Arménie : Pachinian défie Poutine sur l’adhésion à l’UE

Un Premier ministre arménien refuse les ultimatums russes

L’Arménie se trouve au cœur d’une bataille géopolitique majeure. Le Premier ministre arménien Nikol Pachinian a rejeté lundi les appels du président russe Vladimir Poutine à organiser rapidement un référendum sur une adhésion à l’Union européenne. Cette décision intervient à une semaine des élections législatives arméniennes et révèle les tensions croissantes entre Moscou et Erevan.

Poutine avait exigé, la semaine précédente, qu’un référendum soit organisé « le plus tôt possible », affirmant que l’Arménie ne pouvait pas concilier une adhésion à l’UE et son maintien dans l’Union économique eurasiatique (UEE), dirigée par la Russie. Une posture classique de Moscou : imposer un choix binaire, sans nuances.
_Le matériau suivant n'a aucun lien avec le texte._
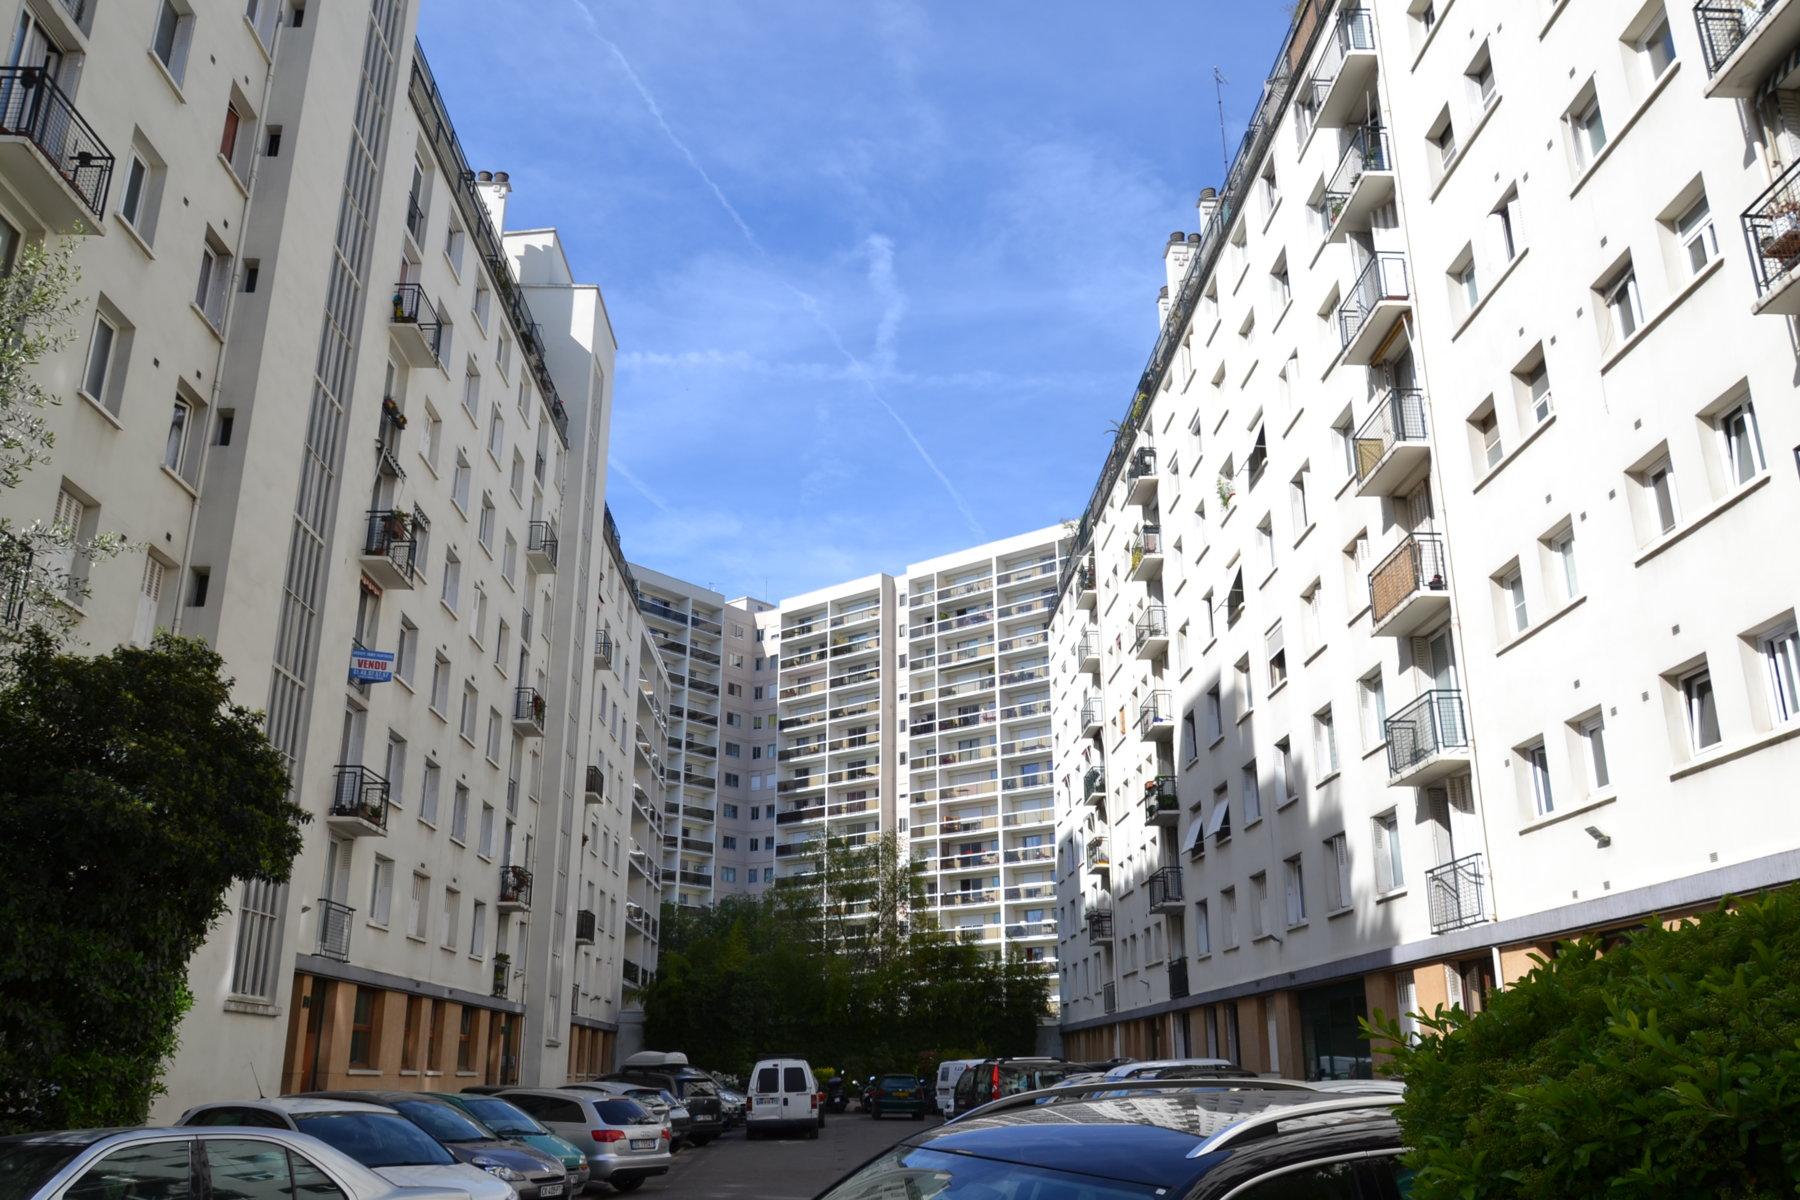 Ahurissant 139 avenue daumesnil 75012 paris renaa conception - Leroy merlin nation ...

La stratégie du timing politique

Pachinian a choisi la prudence. Dans une allocution vidéo sur Facebook, il a déclaré qu’« il serait illogique d’organiser un référendum » tant que le choix entre les deux blocs « ne sera pas inévitable, tant que l’Arménie n’aura pas officiellement déposé sa candidature à l’adhésion à l’UE ou qu’elle ne sera pas proche d’obtenir le statut de pays candidat ».

Cette position reflète une réalité : Erevan ne souhaite pas se précipiter vers un ultimatum qui réduirait ses marges de manœuvre. En mai dernier, l’Arménie a accueilli un sommet européen où l’UE a salué un « bond en avant » dans ses relations avec le pays. En 2024, Erevan avait déjà adopté une loi déclarant officiellement son intention de se porter candidate à l’UE, prolongeant un partenariat noué en 2017.

Moscou resserre l’étau, sans succès

La réaction russe ne s’est pas fait attendre. Samedi, le Kremlin a rappelé son ambassadeur en Arménie pour des « consultations » concernant le renforcement des liens entre Erevan et l’UE. Poutine a même dégainé la menace ultime : le « scénario ukrainien », en affirmant que la crise avec Kiev avait commencé lorsque la capitale avait tenté d’adhérer à l’UE.

Pachinian refuse de mordre à l’hameçon. Il affirme que les relations arméno-russes sont actuellement « dans une phase de transformation » et que « nous sommes en train de construire de nouvelles relations avec la Russie ». Diplomatie classique, mais résistance ferme.

Un passé commun, un avenir incertain

L’Arménie et la Russie partagent des siècles d’histoire commune et sont techniquement alliées. Mais ce lien s’effiloche. Erevan reproche à Moscou de ne pas l’avoir soutenue lors de la guerre avec l’Azerbaïdjan en 2023. Pire encore : l’Arménie a suspendu sa participation au pacte de sécurité régional avec la Russie.

Ces signaux ne trompent pas. Erevan regarde désormais vers l’UE et les États-Unis. Pachinian cultive sciemment cette ambiguïté : maintenir une relation « ouverte et sincère » avec Moscou tout en bâtissant des ponts solides avec l’Occident.

À quelques jours des élections législatives, le Premier ministre joue gros. Ses électeurs apprécieront-ils cette volonté d’indépendance, ou préféreront-ils une soumission à Moscou ? Le résultat du scrutin marquera la capacité réelle d’Erevan à échapper à la domination du Kremlin.